A Jewish security group working with the antifascist Searchlight organisation gathered the key undercover intelligence that led to the arrest of the 1999 nail bomber who killed three people in attacks on minorities in London.
Dave Rich from the Community Security Trust (CST) was one of the ‘handlers’ for an agent codenamed ‘Arthur’ who had infiltrated the capital’s extreme far-right scene at the time.
Between 1996 and 2004, Arthur passed Mr Rich a stream of intelligence on the BNP and militant group Combat 18, in order to help protect the Jewish community from attack.
In the wake of the nail bomb atrocities in Brixton, Brick Lane and Soho in 1999 — which killed three, including a pregnant woman, and injured 140 people — the Evening Standard printed a CCTV image of a suspect.

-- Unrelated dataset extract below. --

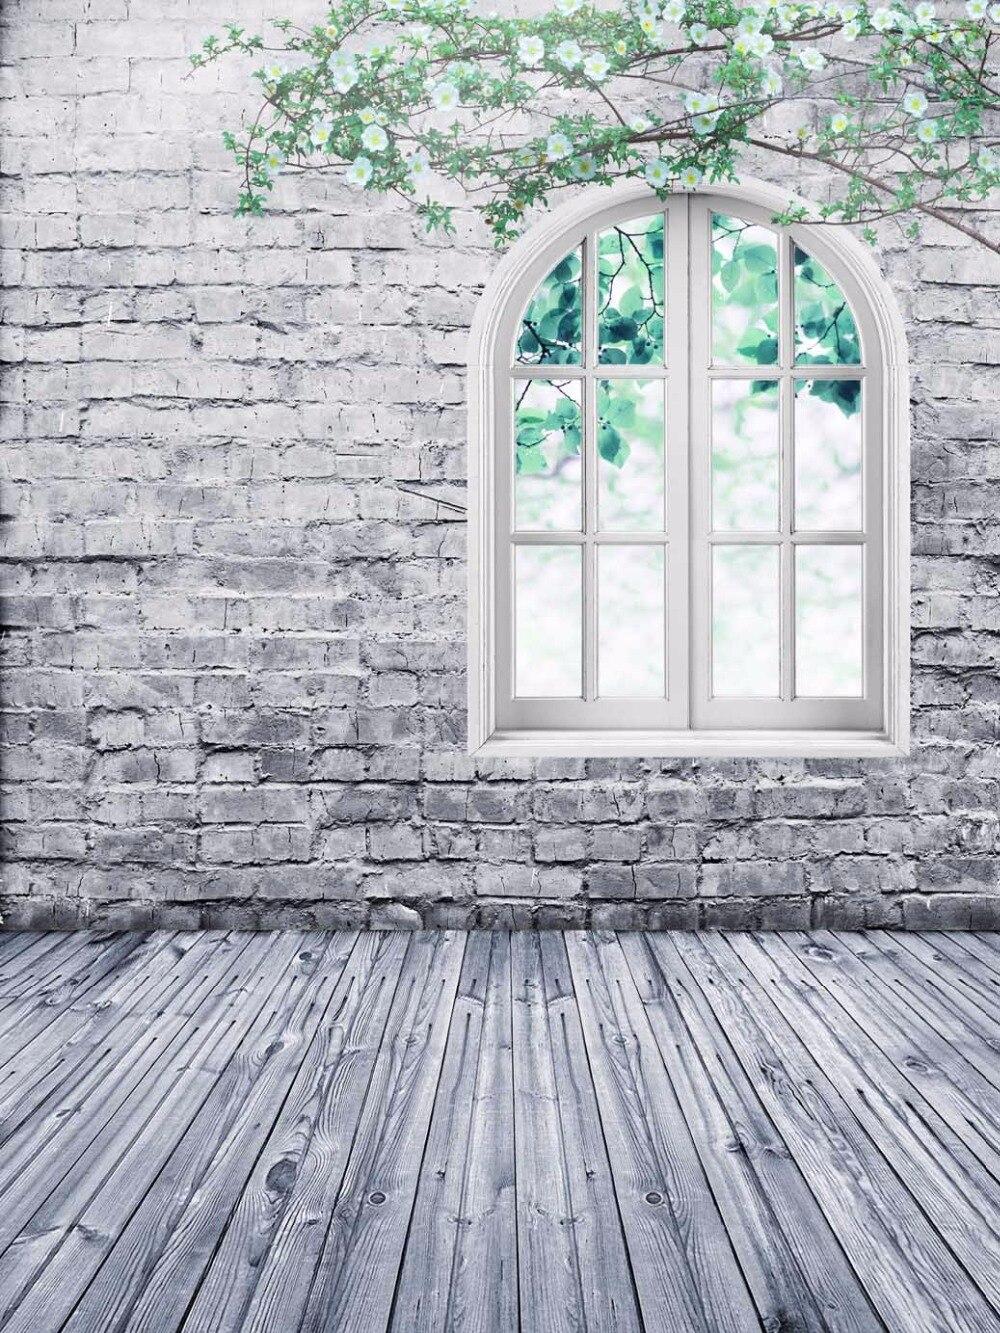 Photo Backdrops 200x300cm White Brick Wall with Wood Floor Wedding Photographic Background Studio Vintage Wedding Photo Booth

Arthur saw the picture and recognised him as David Copeland, now 45, a member of the far-right underground. He alerted Mr Rich, who passed the information to the police, leading to Mr Copeland’s arrest.
In 2000, the killer, who had been targeting London’s black, Bengali and gay communities, was convicted of murder and given six life sentences.
“If someone is going through minority communities to attack, at some point, Jews are going to be on that list,” Mr Rich told the JC. “That was our fear at the time.”
The revelation is alluded to in the new book Codename Arthur by Nick Lowles of Hope Not Hate, as well as the new Netflix documentary Nailbomber: Manhunt. Mr Lowles was the original recruiter of Arthur, who had a family history of fighting fascism.
Over a period of eight years, Mr Rich built up a relationship with the whistleblower that turned into a friendship.
They would meet in hotels and communicate on the phone or via a pager.
“Sometimes he’d be going out with the BNP three or four times a week, leafleting, or party meetings, or sometimes just for a drink,” Mr Rich said.
“For a long time, this was [Arthur’s] life. He really gave up a lot just to plunge himself into this. He was absolutely in the midst of the London far right, for all that time. I would meet him frequently, or if it was something more urgent, we would speak on the phone”.
The Metropolitan Police was running its own informants. But, Mr Rich said, the Jewish community has a proud history of defending itself. “There is institutional knowledge in the Jewish community of defence work stretching back to the 1940s,” he said.
“It has become very professional and is not done in amateurish way. All of our operational decisions were taken to minimise risk to Arthur.”